# Walnut prices?



## planepassion (Nov 24, 2010)

18 months ago, I purchased some walnut at $7.50/bf. Last weekend I priced some walnut at the same shop in Fort Collins and it was priced at $11.50/bf. Has there been some cataclysmic event or surge in demand that has driven up the price of walnut in your area?


----------



## bigblockyeti (Sep 9, 2013)

Not in my area. I usually buy my walnut rough and dry, I never pay more than $3.00/bdft. and I always shave a little off the end with a block plane to see what I'm getting before buying.


----------



## JayT (May 6, 2012)

Had a sawyer & forest ecologist tell me that the price of standing walnut had doubled in about a year and was now costing more than cherry. A lot depends on location, too.

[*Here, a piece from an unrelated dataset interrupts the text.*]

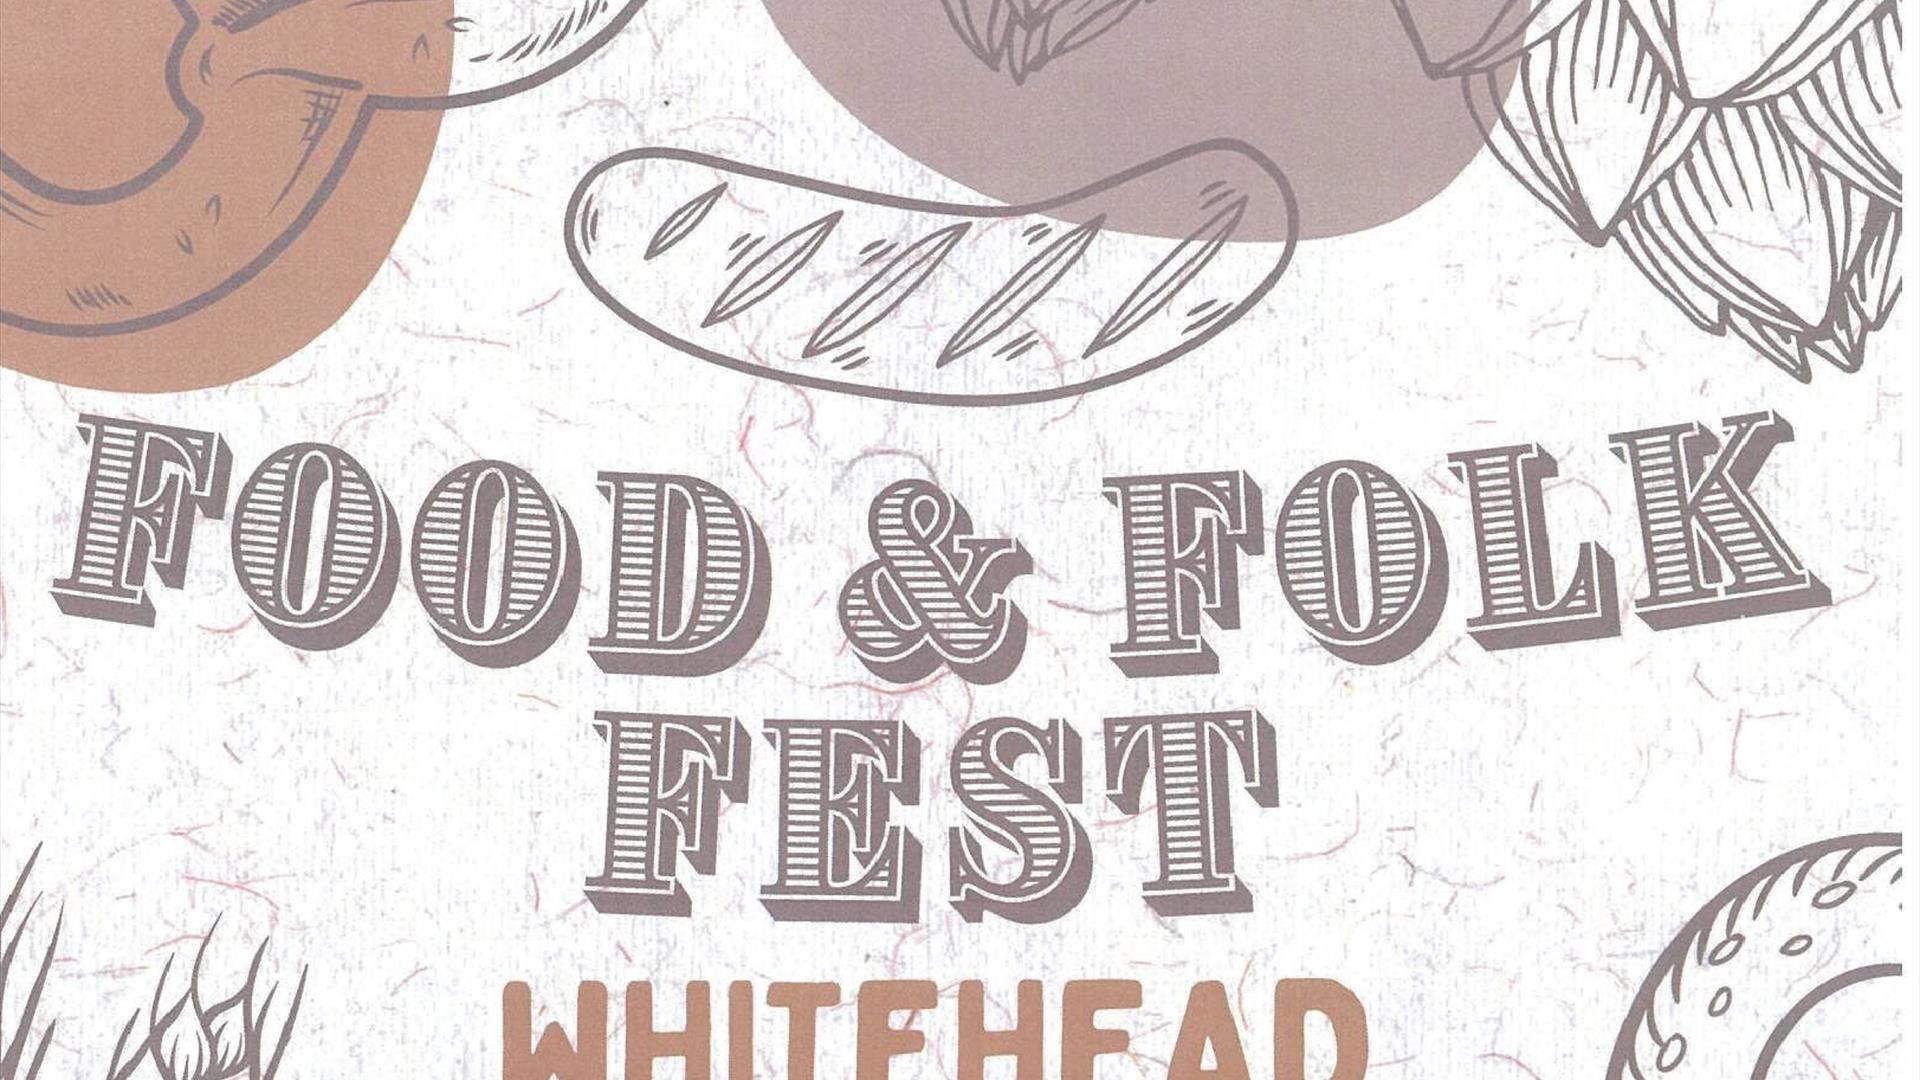 Notice with food illustrations stating Food & Folk Fest Whitehead

A lot of the in demand walnut is from Missouri and eastern Kansas, due to the coloring, so how far it has to be transported is a big factor.

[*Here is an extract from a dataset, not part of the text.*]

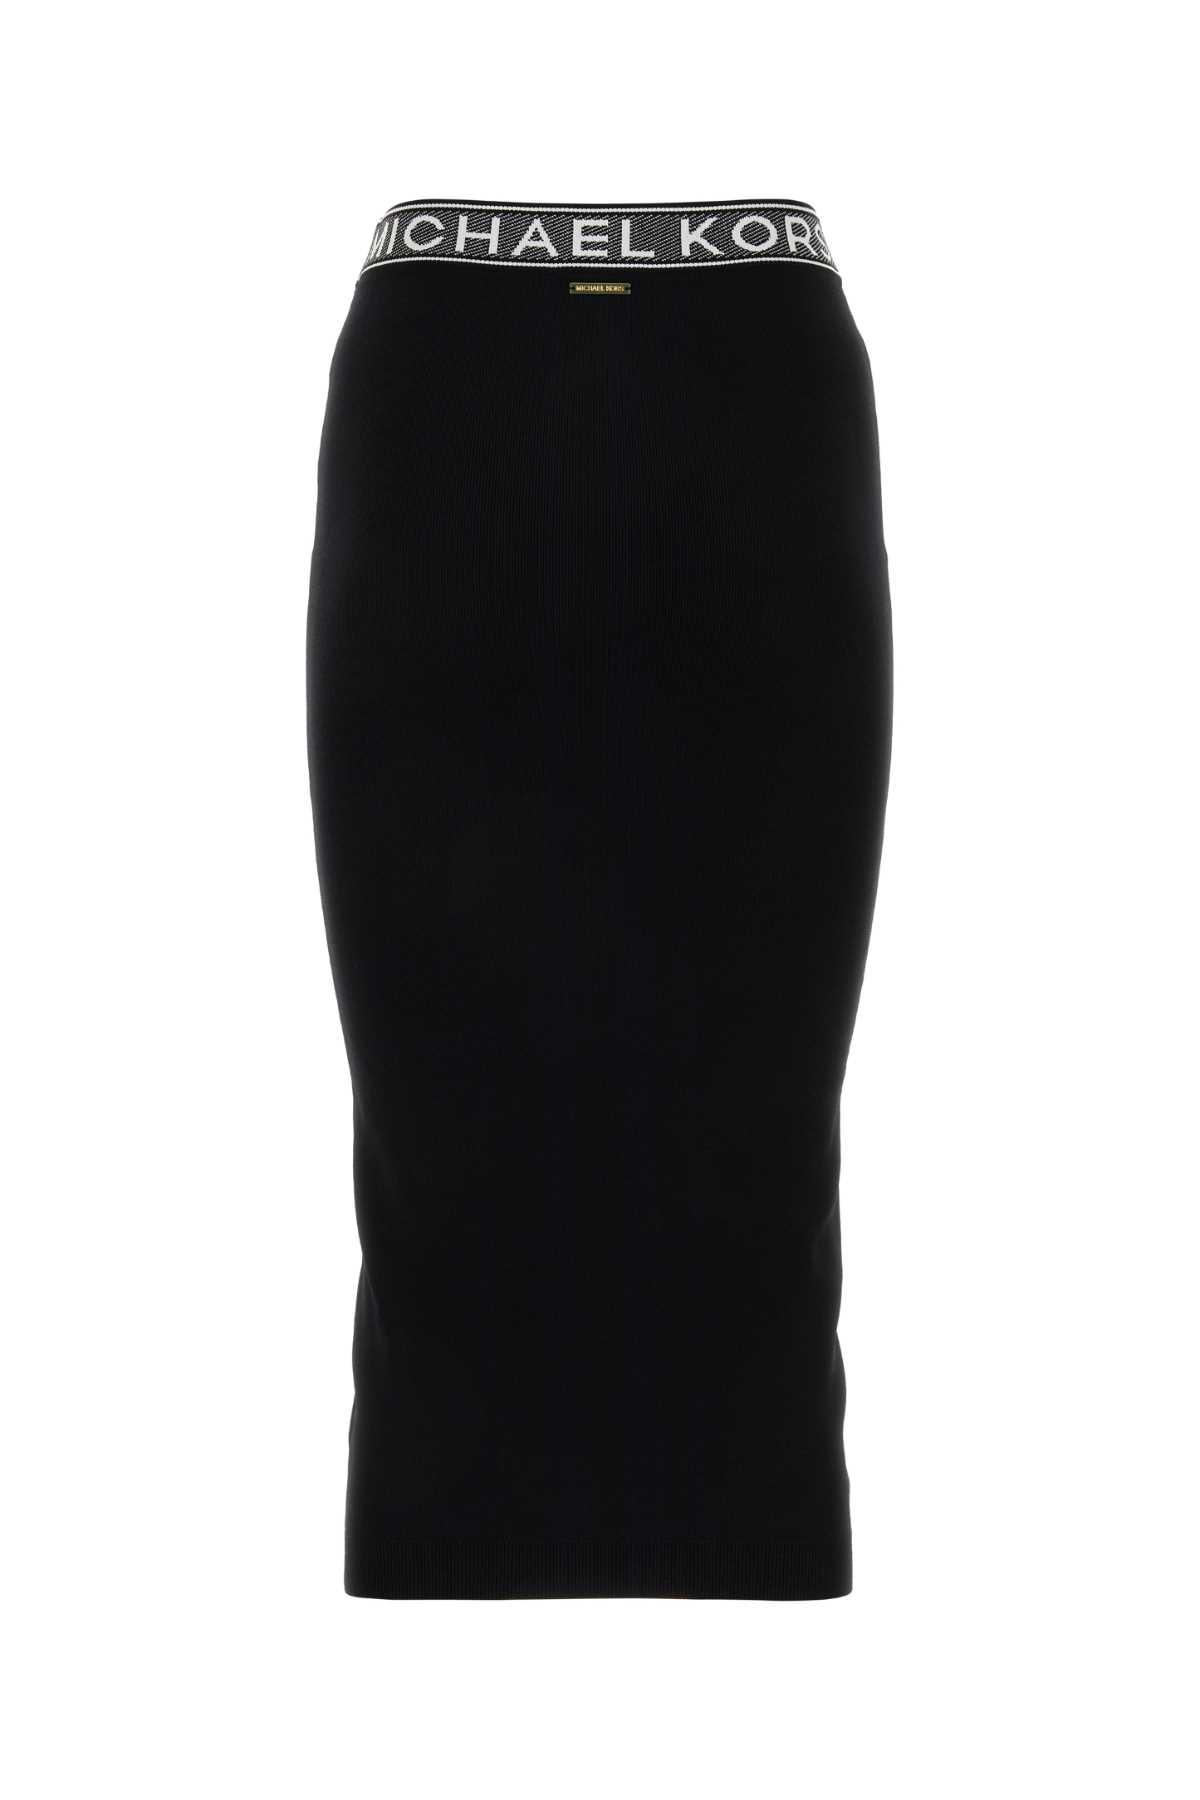 Michael Kors Black Stretch Viscose Blend Skirt

Lucky for me, living in Kansas, can usually get walnut for $3.25-4 a bd/ft.


----------



## jmartel (Jul 6, 2012)

Yeah, I used to get it for $6.75/bdft and now they are charging $9-10. All for rough cut select & better.


----------



## WoodChips_Mac (Jul 26, 2012)

I bought straight from the mill here in central NC, got about 55 bdft for $45.


----------



## Mahdeew (Jul 24, 2013)

I think you have to consider a few things that are happening that is going to make lumber, just like food among other things to go way up in the future. The drought in CA is not helping as it is causing a lot of stress on nut trees and other crops. Money printing, low interest rates and hunting money has caused a lot of well to do folks to remove their money from banks in anticipation of another failure (with bail-in procedures in place) and invest in diamonds, arts, collectibles, real estate and such. The lumber warehouses are doing the same thing in their anticipation. On top of that, there seem to be a big push towards doubling the minimum wage very much like the politician and government workers from judges to prosecutors have managed to double their salaries in the past 6 months or so. All of these are indicative of an inflation anticipation which devalue the currency and creates a cost push toward tangibles. So, in essence, folks who have cash are getting rid of it knowing it is about to lose its purchasing power and buying things that they anticipate will maintain their wealth. Thus, supply is getting squeezed and demand is going up. If we encounter another recession/depression all those investments will dump and flee to other things causing a flood of supply. So, it all depends on your personal perspective as to how things will end up economically in the next 3 to 5 years.


----------



## jmartel (Jul 6, 2012)

MrJinx, most other wood hasn't seen that much of an increase in price, at least where I've bought my wood from. It just seems to be Walnut. So, those probably aren't the main reasons for it.


----------



## waho6o9 (May 6, 2011)

$8.15 a board foot for 4/4 FAS ( First and Second ) in Los Angeles, CA.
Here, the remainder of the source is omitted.